No es que no se hubiese divertido. Se hubiera divertido mucho más, sin embargo, si no hubiese tenido aquella manía de encontrar al pintor que la hacía mirar azoradamente a todos los sitios cada vez que entraban en un local nuevo.

A Marta le gustaba bailar. Detrás de los ventanales de la sala de baile había un hermoso crepúsculo. El sol entró en el horizonte de tal manera, con tal apoteosis de color y con tal aparato de nubes que el agua reflejaba, que parecía participar de esta locura de los hombres, de su fiesta.

Sixto era amable y bailaba bien. Estaba un poco mareado, y contó muchas cosas de la guerra. Dijo que tenía una cicatriz de bayoneta que le atravesaba el pecho. Si las chicas no se hubiesen opuesto, se habría quitado la guerrera para enseñarla. Marta sabía que a Sixto le gustaba ella. Se habría sentido encantada si no hubiera llevado aquella inquietud, aquella extraña fuerza que la empujaba a irse de allí porque quería ver a alguien.

Sin despedirse se fue en la primera ocasión. Echó a andar, como siempre, sola y anhelante, tropezando con las gentes, haciendo un trayecto muy corto en una guagua, y uno muy largo a pie, entre soldados, falangistas, paisanos y mujeres apretados y revueltos como en un carnaval, que cantaban, gritaban la victoria y el fin de la horrible pesadilla de la guerra. Estas gentes la empujaban, le decían cosas al oído y algunos hombres querían bailar con ella en plena calle. En todas las caras en las que gesticulaba la risa y el grito Marta buscaba algo, alguien, otra cara. Luego se abría paso dando codazos. Seguía andando. Sobre ella el cielo estaba ya oscuro; bajo el cielo se encendían farolas, casas. Todo estaba cruzado por cohetes y gritos.

Se asomó por las ventanas de los cafés desbordados de gente, luces y humo. Terminó entrando en todos para ver mejor. Pasó junto a una mesa donde estaban Matilde y Daniel con unos amigos, sin verlos, hasta que le tiraron del vestido.

– ¿Venías a despedirte? ¿Te vas al campo…? Has dejado tu abrigo en casa. ¿Te has divertido?

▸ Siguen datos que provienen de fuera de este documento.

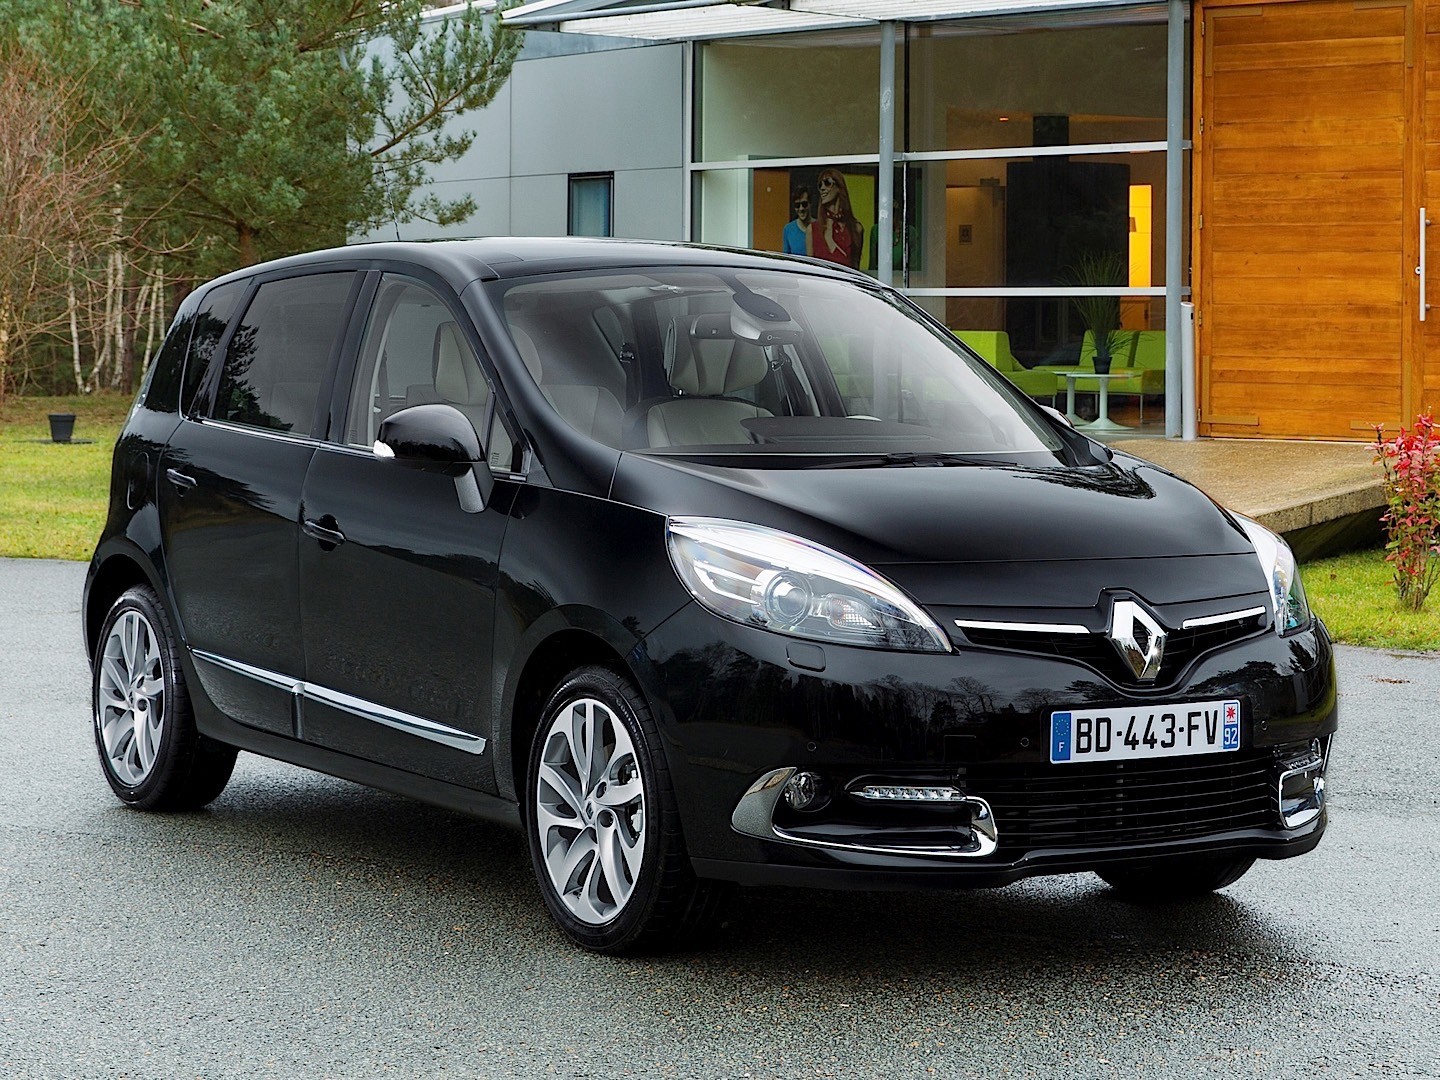 Contract tobben Grazen 2013 Renault Scenic Specs & Photos - autoevolution

Marta les miraba aturdida. El cansancio la tenía pálida.

Una señora gruesa le gritó a Daniel, queriendo hacerse oír, aunque casi estaba a su lado.

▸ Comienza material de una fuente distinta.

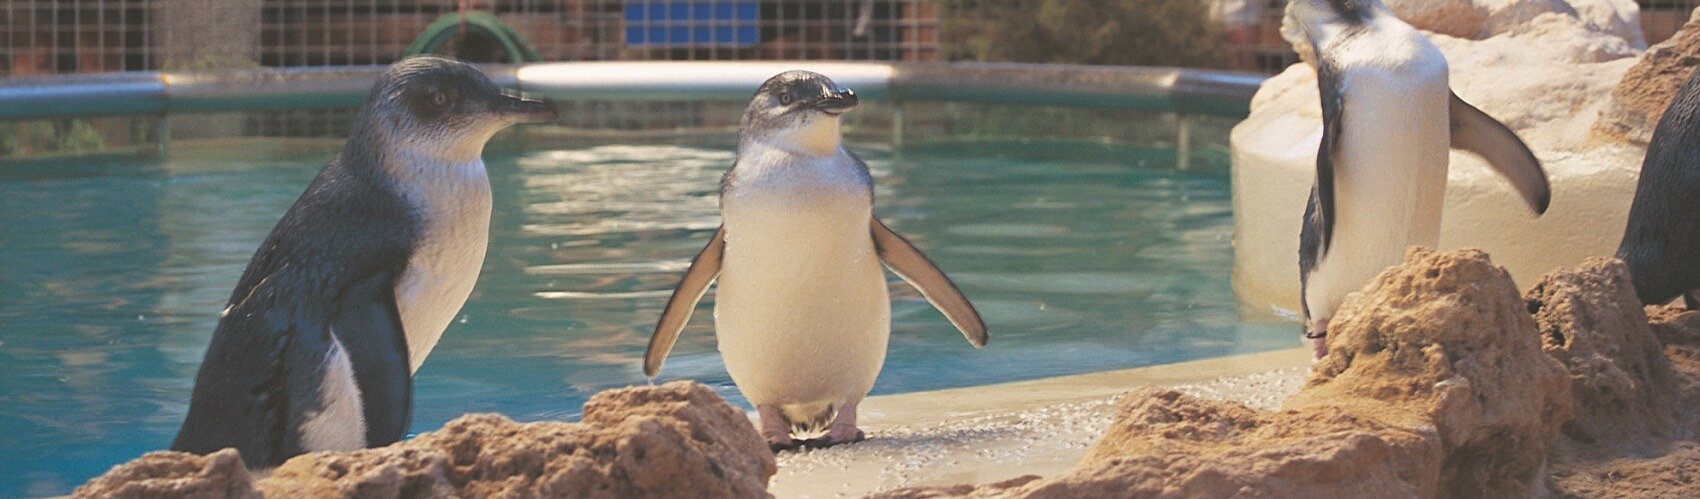 Penguin Island Tour from Perth with Caversham Wildlife Park

– Es la niña de su hermana, ¿verdad?

– De mi hermano, sí…

– Me refería a la señora rubia que estaba aquí antes. ¡Se parece tanto!

Matilde se reía.

– Cree que es hija de Honesta.

Marta, atontada, sentada por un momento entre sus tíos, miró con disgusto a aquella señora. Parecerse a Hones no le era grato, ni siquiera en un momento de fatiga tan grande.

Daniel estaba nervioso, enrojecido.

– Mi hermana es soltera.

Marta, con la cabeza apoyada en el repaldo del asiento, vio de pronto, frente a ella, a Pablo y a Hones. Sintió un martilleo doloroso, vivísimo en el pecho. Pablo fumaba y bebía. Hones fumaba y bebía; estaban juntos, separados por un gran espacio de local, por la humareda de un centenar de cigarrillos, por el oleaje de las conversaciones. Marta recordó una frase: "Su mamá vino esta mañana…" Lo había dicho la criada de la pensión de Pablo. Entonces no había entendido. Hones y Pablo. Ella se parecía a aquella mujer rubia y vieja, de cara achatada, llena de remilgos… Hones visitaba a Pablo.

Oyó decir a Daniel, como en sueños, que iban a telefonear a su casa para decir que aquella noche Marta se quedaba con ellos en Las Palmas, porque tenía muy mala cara. ¿Quería?

Pablo la vio entonces. La vio, y con una alegre risa la saludó con la mano desde lejos. No estaban solos Pablo y Hones; había un grupo grande en una larga mesa. Nada en la actitud de ellos indicaba más intimidad que la que pudiera haber en la actitud de la misma Marta con Daniel y con Matilde. Claro que todos parecían algo achispados, o al menos Marta los veía como si una capa de agua ampliase sus gestos y sus risas de manera temblona y desconcertante. Tal vez era ella quien tenía mareo. Pero Pablo no se inclinaba hacia Hones. Ni siquiera la apreciaba; un día de los pocos, escasísimos de su vida, que ella había hablado con Pablo, se rozó de pasada a Hones en tono de broma: "Sí; no es por la inteligencia deslumbradora por lo que brilla tu tía." Eran palabras de Pablo y las recordó con encantada crueldad. Luego le dio vergüenza. Una vergüenza tan grande que hubiera querido desaparecer delante de su propia conciencia. Esto era ser tan baja como la gente que ella despreciaba. Pensar una cosa así la volvía indigna de la amistad de Pablo. Estaba borracha, esto era lo que pasaba. Ella no era así estando serena.